После увольнения из армии Ильяс, несмотря на то, что остался без левой ноги, закончил нефтяной институт им. Губкина в Москве. Стал бизнесменом. Сейчас Ильяс Дауди воспитывает шестерых детей — сына и пять дочерей. «Дети – это то, за что я несу ответственность. Я должен отследить процесс передачи дочерей в надежные мужские руки, чтобы они стали хорошими женами, чтобы за них не было стыдно, чтобы со стороны зятьев я слышал только слова благодарности. Моему сыну 11 лет. Перед ним я ставлю такую задачу — он должен вырасти достойным человеком, который отвечает за свои поступки. Он не должен подводить свою семью, свой народ. Он не должен подводить свою Родину. Это основное», — подытожил Ильяс.

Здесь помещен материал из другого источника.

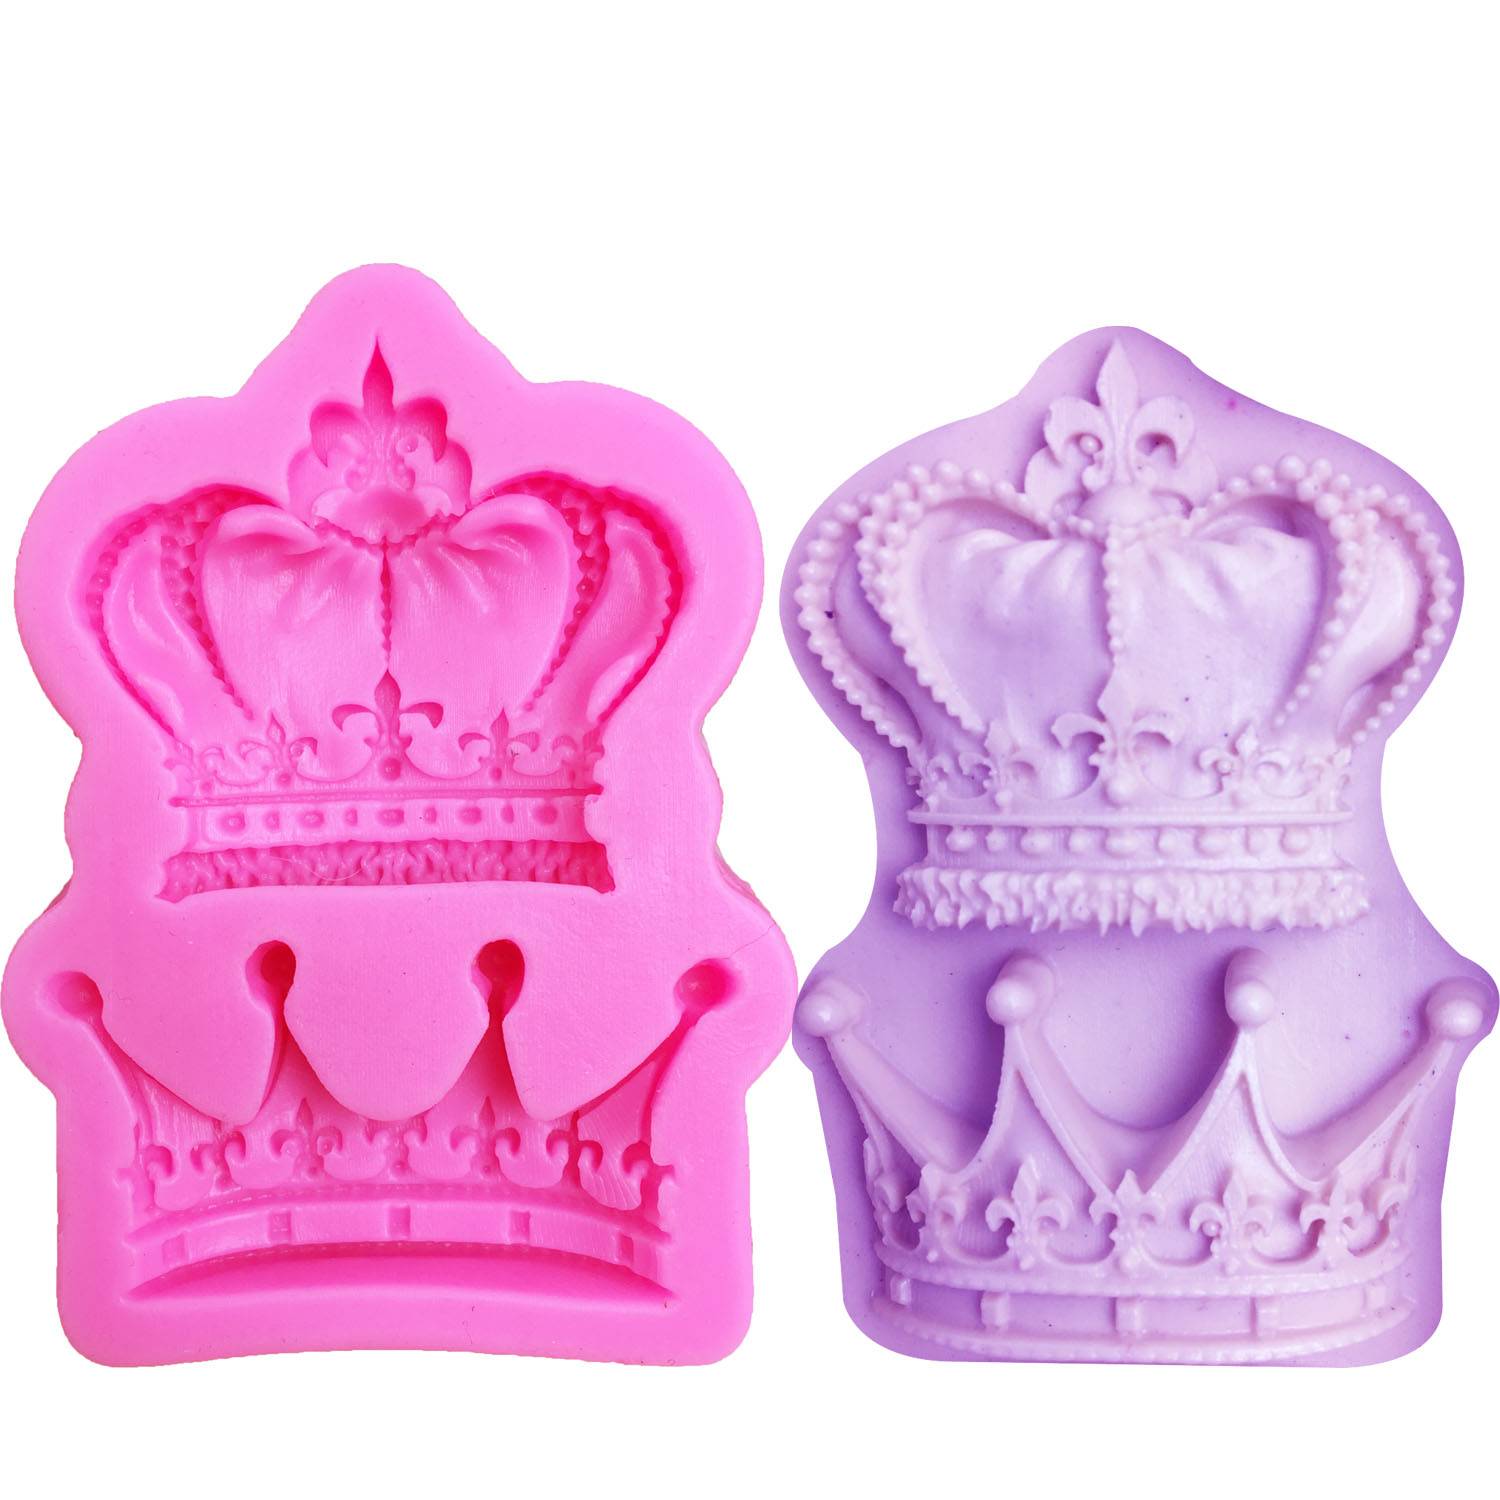 Crown Shaped Silicone Fandont Mold

В настоящее время И. Дауди, несмотря на полученное тяжёлое увечье, активно занимается общественной деятельностью, является исполнительным директором Московского фонда социальной защиты инвалидов военной службы. Ильяс также пишет рассказы о той войне. Один из них мы публикуем для наших читателей. Это рассказ, который имеет продолжение в наши дни. Но, об этом потом. А пока представляем рассказ » Плов для Шераги».

ПЛОВ для ШЕРАГИ

Приблизительно раз в полгода, в период присутствия Ограниченного контингента Советских войск в Республике Афганистан, командованием 40-й Армии в северо-восточной части страны проводилась плановая войсковая операция. Цель операции заключалась в доставке военных, гражданских и гуманитарных грузов в удалённые к границе с Пакистаном и Китаем районы, высокогорной афганской провинции Бадахшан. К участию в операции было привлечено значительное количество войск и материальных ресурсов. Ближайшей задачей войскам предстояло обеспечить сопровождение и прикрытие проводки колонн по реверсному маршруту Кундуз – Талукан – Файзабад. Высадить тактический воздушный десант, призванный ликвидировать базовые районы и перевалочные базы, расположенные в горной части провинции Тахар. Сорвать план полевых командиров, усилить отряды вооружённых формирований, базирующихся в окрестностях, прилегающих к трассе кишлаков, поставками вооружения, боеприпасов и живой силы.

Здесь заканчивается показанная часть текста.